O mês de novembro, mês da consciência negra é marcada por atividades de discussão e conhecimento nas instituições de ensino

No último dia 17.11, o Instituto Ganga Zumba realizou duas atividades em instituições Pública e Privada a primeira foi realizada na  escola 1º escola bilíngue do estado do Amazonas, Escola Estadual Djalma Cunha Batista das 14h00 às 16h00,  para crianças do 6º ano do ensino fundamental.

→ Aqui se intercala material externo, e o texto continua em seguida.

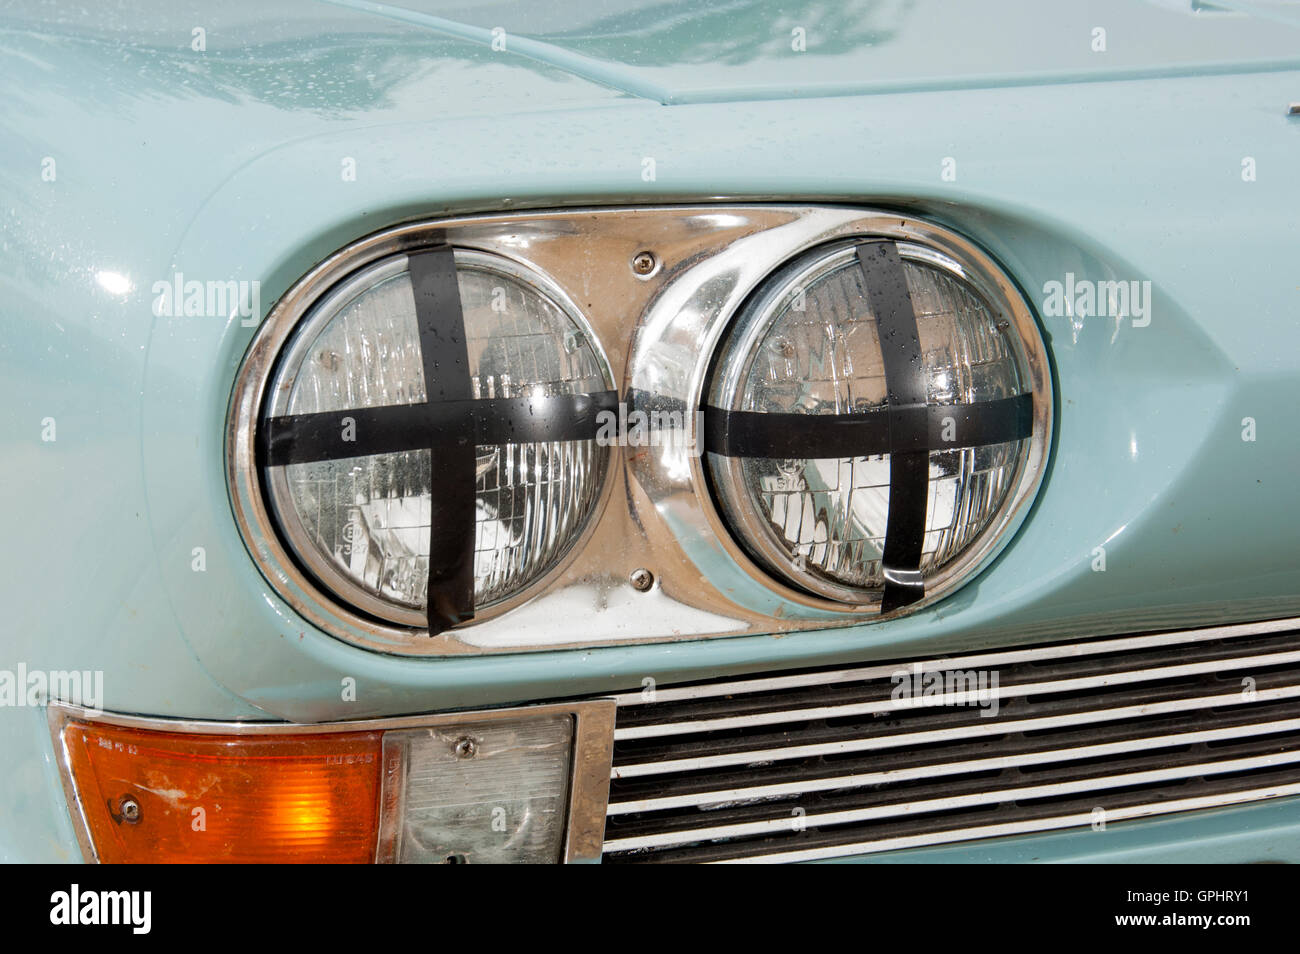 1966 Triumph 2000 rally classic rally car with headlights taped for  competition Stock Photo - Alamy

Confira a cobertura completa da palestra na E.E. Djalma Cunha Batista: https://flic.kr/s/aHskM8aHy5

Os palestrantes, a diretora do departamento de Tradições de Matrizes Africanas, Cristiane Floriza (Ya Flor) e o diretor do departamento de Saúde para População Negra Jhonatas Nascimento (Odé Táýô). A segunda atividade foi na ESBAM (Escola Superior Batista do Amazonas) para o curso de Recursos Humanos, o palestrando foi o Secretário Geral do Instituto Ganga Zumba – Luiz Fernando.

De acordo com Cristiane Floriza (Ya Flor) a  atividade desenvolvida na escola Djalma Batista “A palestra foi de suma importância, pois as crianças puderam perceber que  o racismo está camuflado na sociedade e que a intolerância religiosa  é uma realidade, e os mais afetados são as religiões de Matrizes Africanas.” a palestra foi didático, regada a muitas perguntas e dúvidas sobre o tema, após o término da palestra as crianças tiveram uma oficina de turbante ministrada por Ya Flor.

As crianças ficaram deslumbrados com a quantidade de brincadeiras com origem africanas, como, Brincadeira de pega, Pula Corda, Escravo de Jó, Brincadeiras de Roda etc.

A segunda atividade foi na ESBAM (Escola Superior Batista do Amazonas) para os alunos do Curso de Recursos Humanos, o Secretário Geral do Instituto abordou o preconceito e as formas de racismo, principalmente o racismo Institucional, quebrando assim uma série estereótipos causados por uma sociedade, machista, racista, homofóbica, intolerante e preconceituosa.

Confira a cobertura completa da palestra na ESBAM: https://flic.kr/s/aHskLKNX1z

Os alunos puderam perceber que realmente o racismo é uma realidade. E muitas das vezes o racismo e o preconceito estão camuflados em pequenos gestos e ações do dia a dia. A aluna Maisa relatou que  já sofreu com o racismo “uma vez fui com umas amigas em um shopping da cidade, onde estavam inaugurando uma loja e quando fui entrar me proibiram pois não tinha de acordo com o gerente o perfil para estar naquele ambiente.”.

No decorrer da palestra alguns alunos começaram a perceber  que o racismo está sempre entrelaça a alguns contextos que geralmente  não queremos aceitar tais como o quesito raça e cor, situação financeira,  e escolaridade.